The paper presenting phyloseq: https://journals.plos.org/plosone/article?id=10.1371/journal.pone.0061217
A comprehensive documetation of the phyloseq package: https://joey711.github.io/phyloseq/
# Load package and phyloseq object
library(phyloseq)
load("../data/physeq.RData")
We can subset the samples with the subset_samples function. We can subset based on any column in the sample_data:
sample_variables(phy)
First argument to the subset_samples() function is the phyloseq object we want to subset. In the second argument we tell the function how to subset. Here we get the 1 week (1w) samples (always use two = signs)
phy_1w <- subset_samples(phy, Time == "1w")
Now we only have the 50 1 week samples in phy_1w
phy_1w
We can also subset both 1 week and 1 month samples:
phy_1w1m <- subset_samples(phy, Time %in% c("1w", "1m"))
phy_1w1m
We can also subset on different variables at the same time. Here we only take 1 week samples from children born by C-section (Use & for and, use | for or):
phy_1wS <- subset_samples(phy, Time == "1w" & Delivery == "Sectio")
phy_1wS
If you have NAs, you will often encounter problems when subsetting, so it's often a good idea to remove those with NAs before subsetting further. Below we assume that for some of the children the delivery mode is unknown (NA):
phy_nona <- subset_samples(phy, !is.na(Delivery))

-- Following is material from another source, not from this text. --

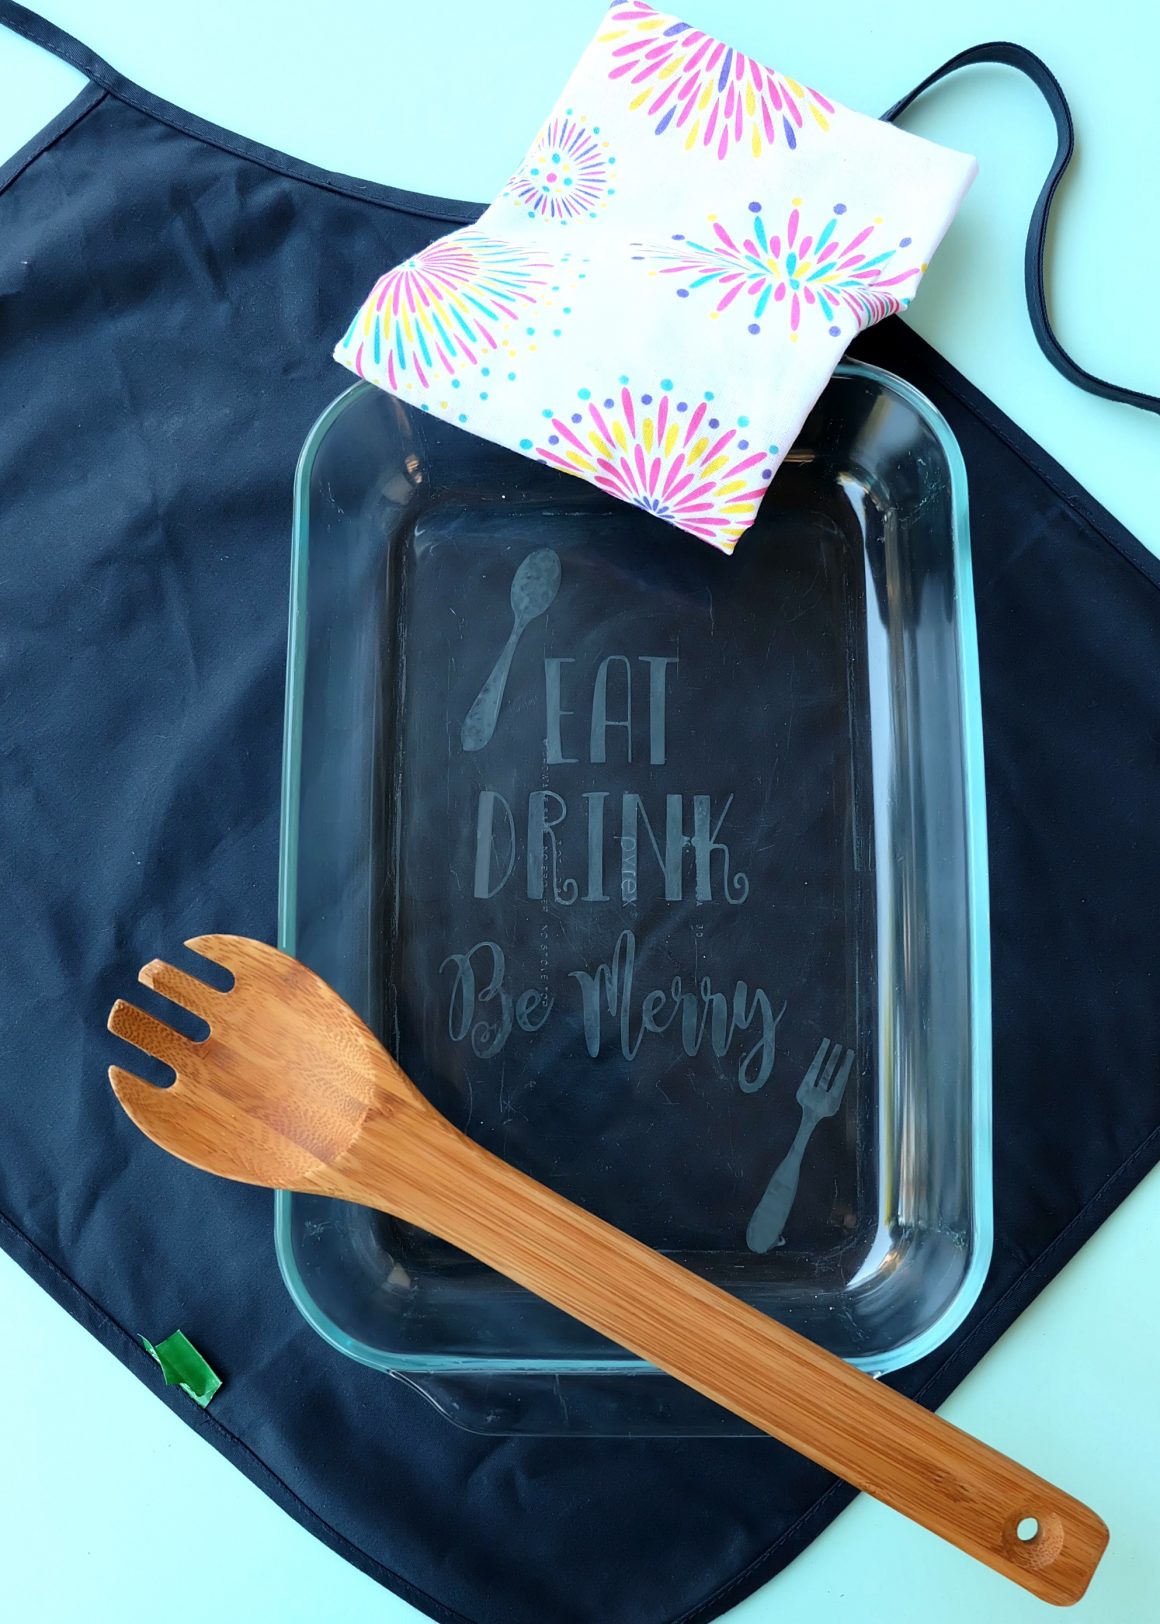 Making a gorgeous DIY Etched Glass Casserole Dish is so easy and makes a wonderful personalized handmade gift! Step by step photos are in this fun tutorial. A fun Cricut project that is perfect for wedding gifts, housewarming parties and entertaining guests! Includes a free cut file for the quote Eat, Drink, Be Merry!

phy_sectio <- subset_samples(phy_nona, Delivery == "Sectio")
This can also be done in one line:
phy_sectio <- subset_samples(phy, !is.na(Delivery) & Delivery == "Sectio")
It's always a good idea to check that you get the expected output. We can use the table() function to count the number of samples in each group. First look at the original phyloseq:
with(sample_data(phy), table(Time, Delivery))
Let's look at the sectio subset made above, and ensure that we only have sectio samples:
with(sample_data(phy_sectio), table(Time, Delivery))
We can also subset samples based on how many reads each sample have. sample_sums(phy) outputs the number of reads for each sample. Here we subset samples that have more than 5000 reads, and we can see that 10 samples have been thrown away:
phy_5k <- prune_samples(sample_sums(phy) > 5000, phy)
phy_5k
In the same way as we can subset samples, we can also subset taxa. E.g. only Firmicutes:
phy_1wfirms <- subset_taxa(phy_1w, Phylum == "Firmicutes")
We can subset based on all the different taxonomic ranks:
rank_names(phy)
Notice that we ran the above subset command on the phy_1w object that we created earlier. Now we only have 1 week samples and only Firmicutes ASVs. We can chain together all the different subsetting commands together to get exactly the subset of samples and taxa we want.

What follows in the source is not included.